> Exercise requirements
Print exactly what appears from the line containing "#LiveFreeDetroit" through the final line of the data below, pictures excluded.

> Stored items from a collection

= Beginning of Section =

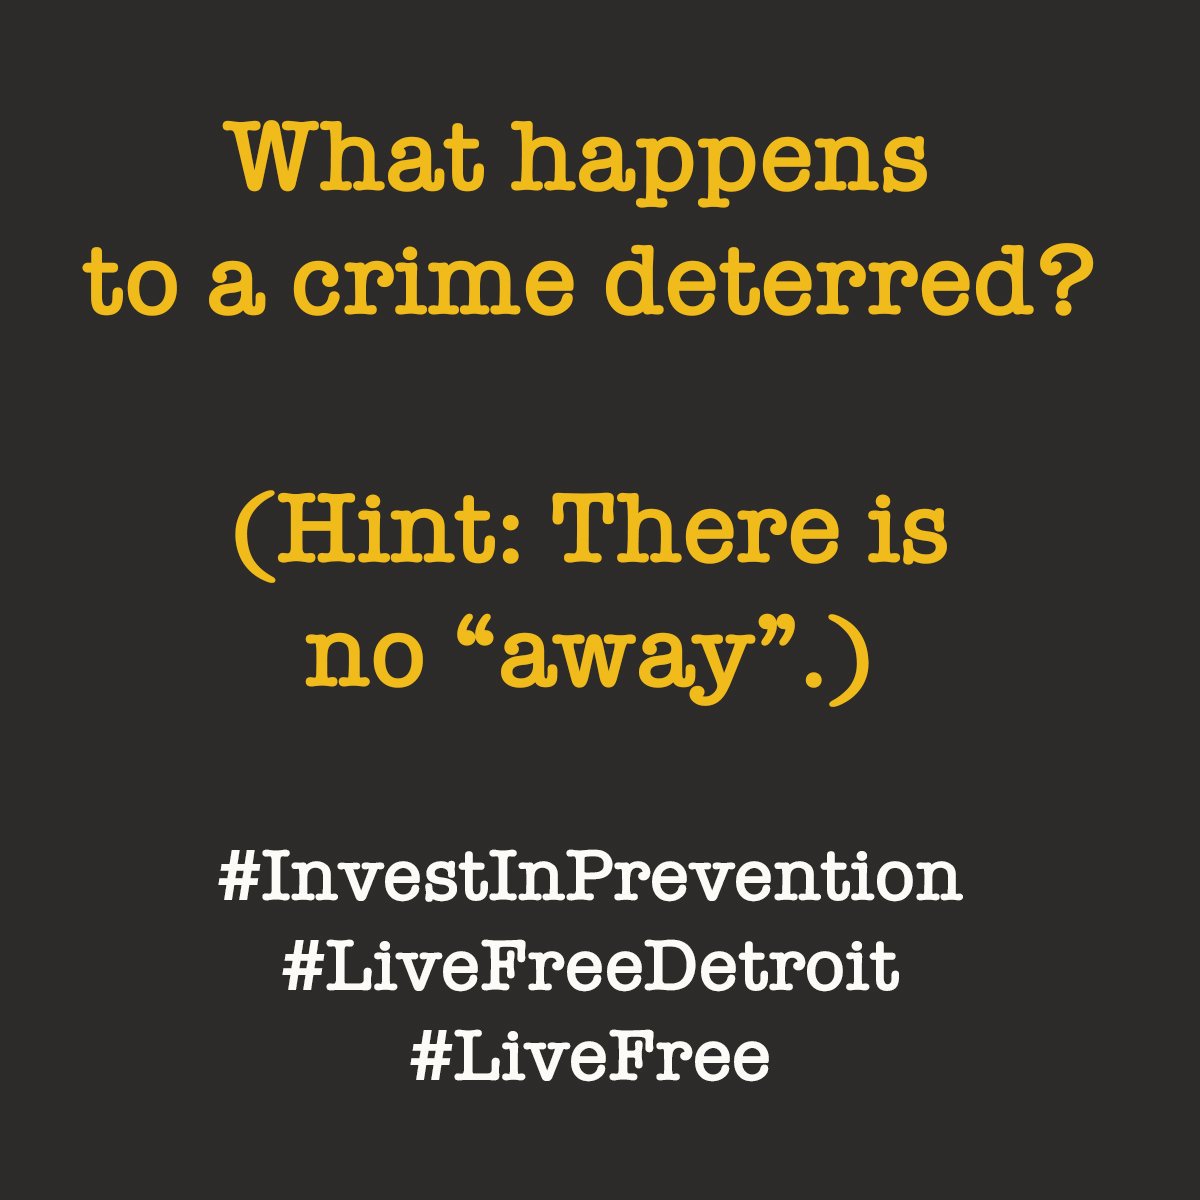 Why are we ok with 'away'?  That's one way to say 'as long as its not my block, my business, my school, my neighborhood...' 

That is a false solution. 

#InvestInPrevention
#InvestInPeace
#LiveFreeDetroit
#LiveFree
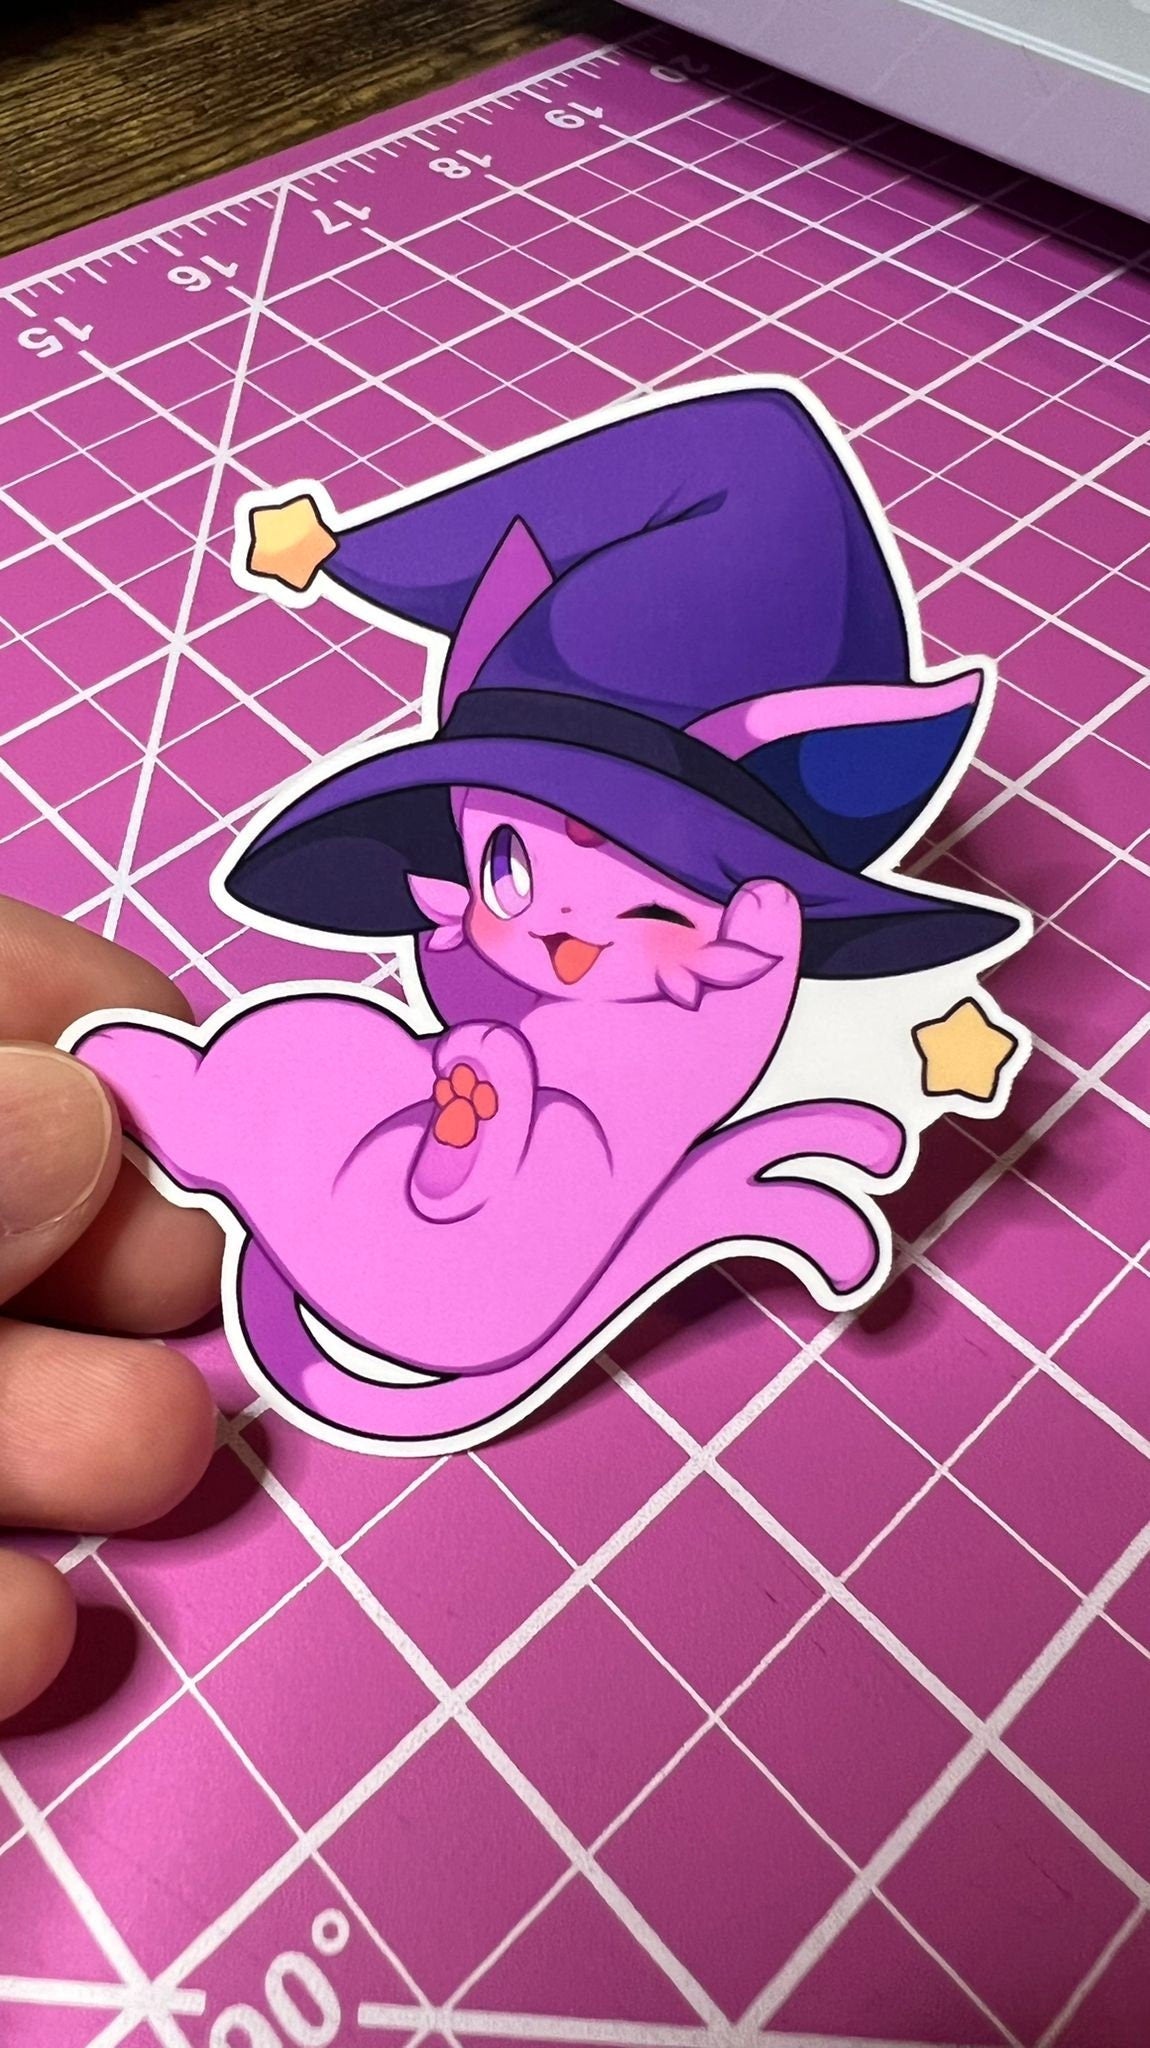 Witch Hat Umbreon and Espeon - Eeveelutions Pokemon Sticker - Great for Bottles, Calendars, Notebooks, Folders!
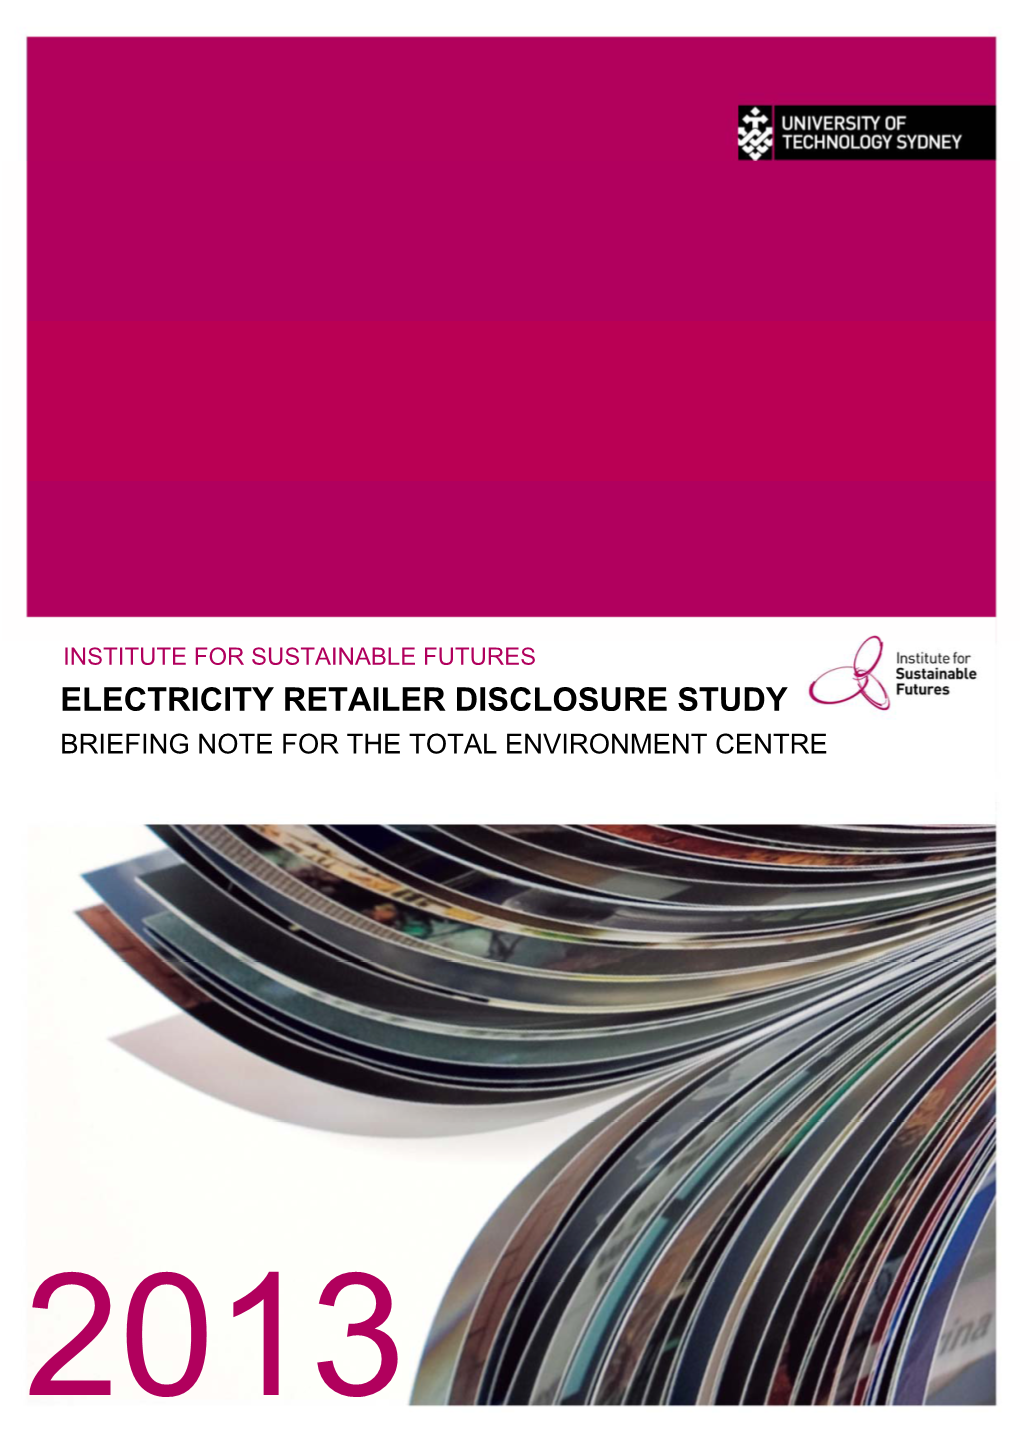 Electricity Retailer Disclosure Study Briefing Note for the Total Environment Centre
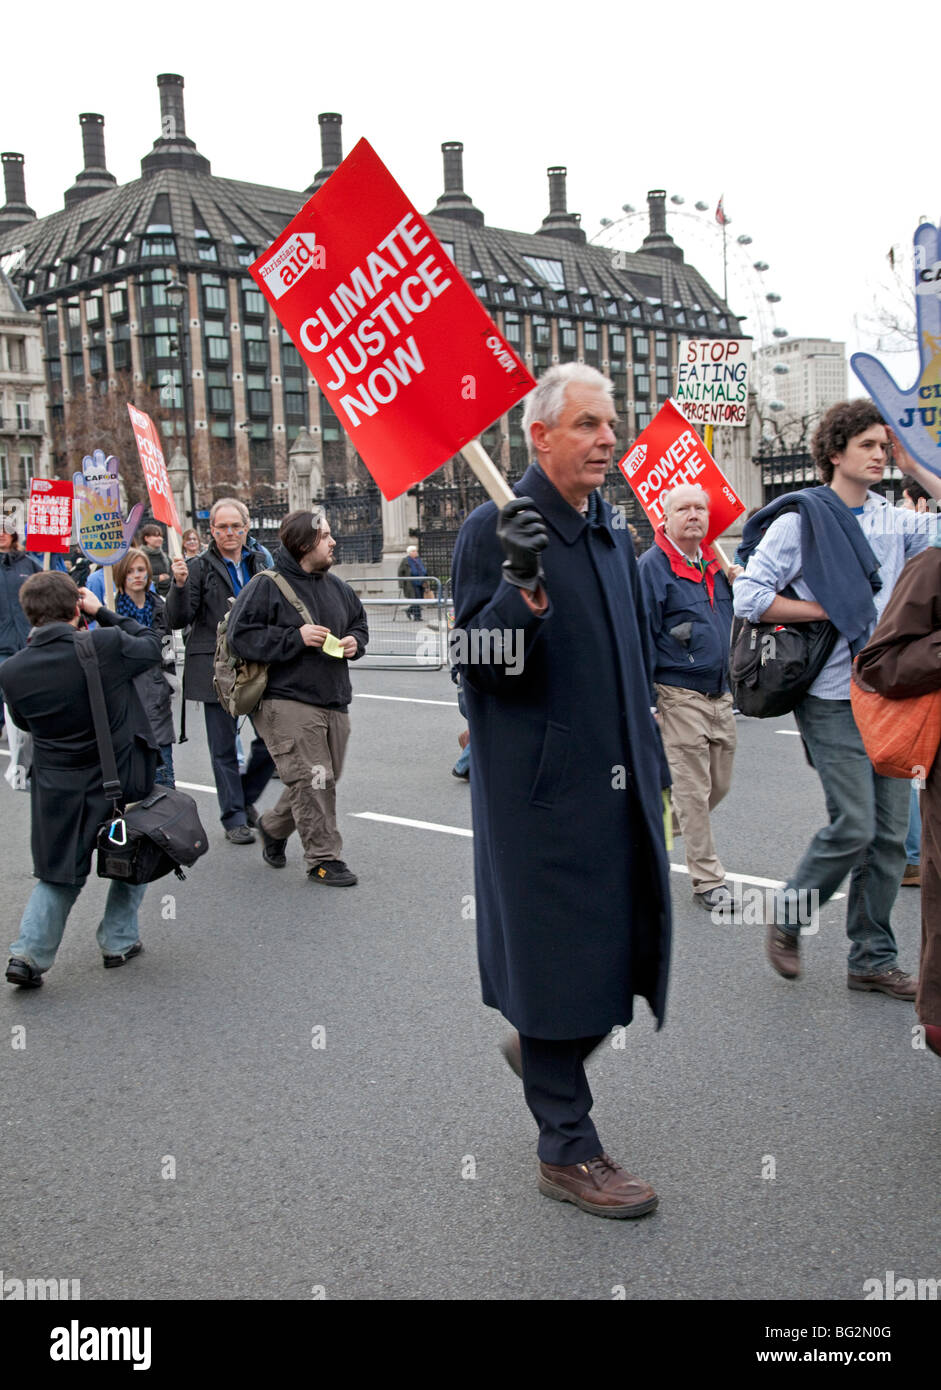 Christian Aid marcher with red banner The Wave Climate Change March London December 5 2009 Stock Photo

= End of Section =

> Task output
#LiveFreeDetroit
#LiveFree
 Witch Hat Umbreon and Espeon - Eeveelutions Pokemon Sticker - Great for Bottles, Calendars, Notebooks, Folders!
 Electricity Retailer Disclosure Study Briefing Note for the Total Environment Centre
 Christian Aid marcher with red banner The Wave Climate Change March London December 5 2009 Stock Photo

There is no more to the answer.